How to Build the Core Functionalities

We will be putting all of the code in a single file named dashboard.py. Firstly, let’s start by importing all the elements we will be using:

import streamlit as st
import pandas as pd
import plotly.express as px
import plotly.graph_objects as go
from scapy.all import *
from collections import defaultdict
import time
from datetime import datetime
import threading
import warnings
import logging
from typing import Dict, List, Optional
import socket

Now let’s configure logging by setting up a basic logging configuration. This will be used for tracking events and running our application in debug mode. We have currently set the logging level to be INFO, meaning that events with level INFO or higher will be displayed. If you are not familiar with logging in Python, I’d recommend checking out this documentation piece that goes in-depth.


logging.basicConfig(
    level=logging.INFO,
    format='%(asctime)s - %(levelname)s - %(message)s'
)
logger = logging.getLogger(__name__)

Next, we’ll build our packet processor.

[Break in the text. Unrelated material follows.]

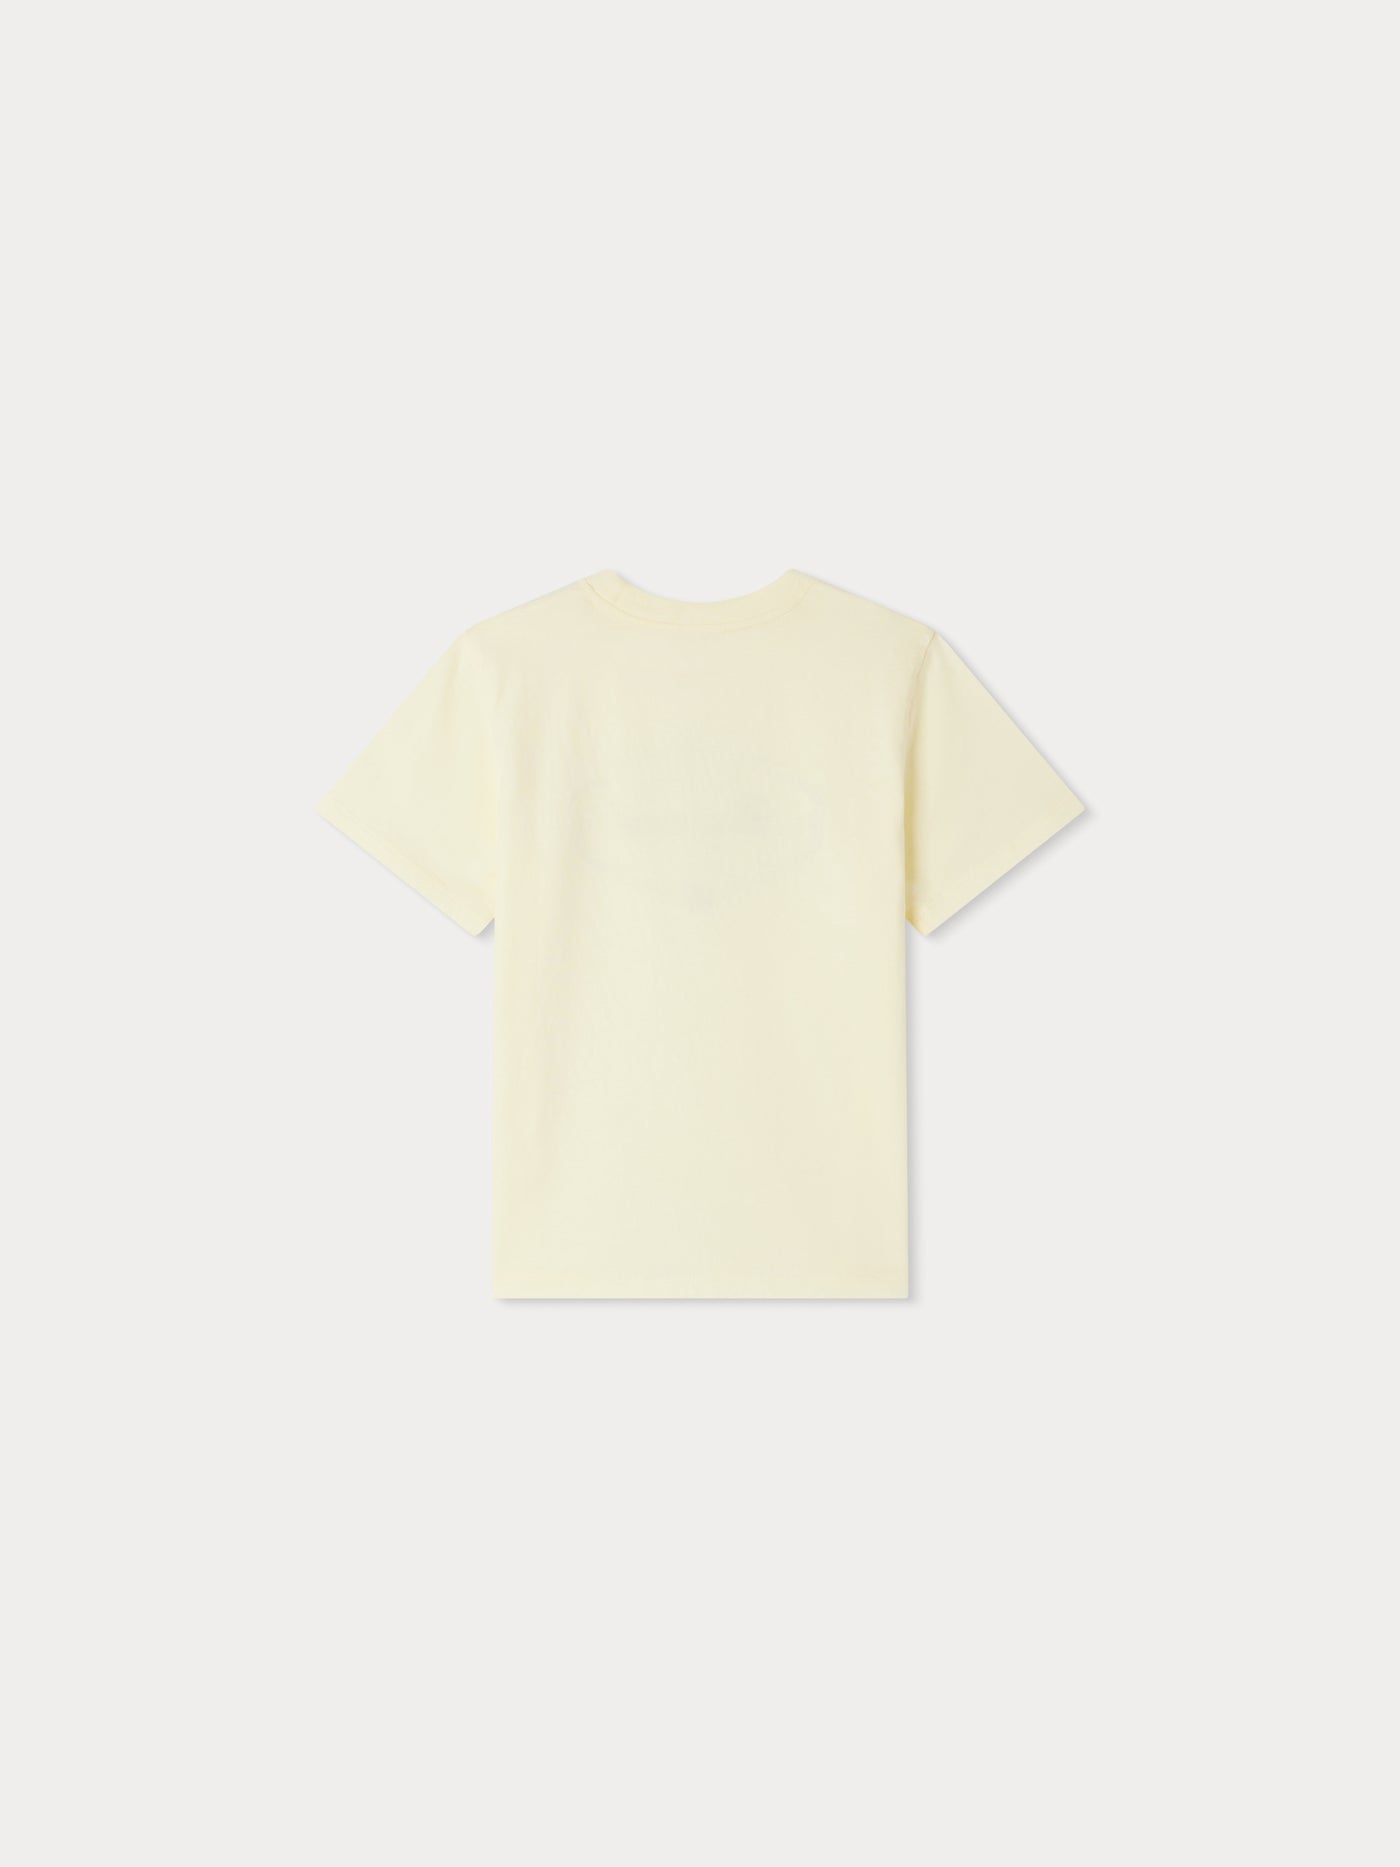 Thida T-Shirt gelb

We’ll implement the functionality of processing our captured packets in this class.

class PacketProcessor:
    """Process and analyze network packets"""

    def __init__(self):
        self.protocol_map = {
            1: 'ICMP',
            6: 'TCP',
            17: 'UDP'
        }
        self.packet_data = []
        self.start_time = datetime.now()
        self.packet_count = 0
        self.lock = threading.Lock()

    def get_protocol_name(self, protocol_num: int) -> str:
        """Convert protocol number to name"""
        return self.protocol_map.get(protocol_num, f'OTHER({protocol_num})')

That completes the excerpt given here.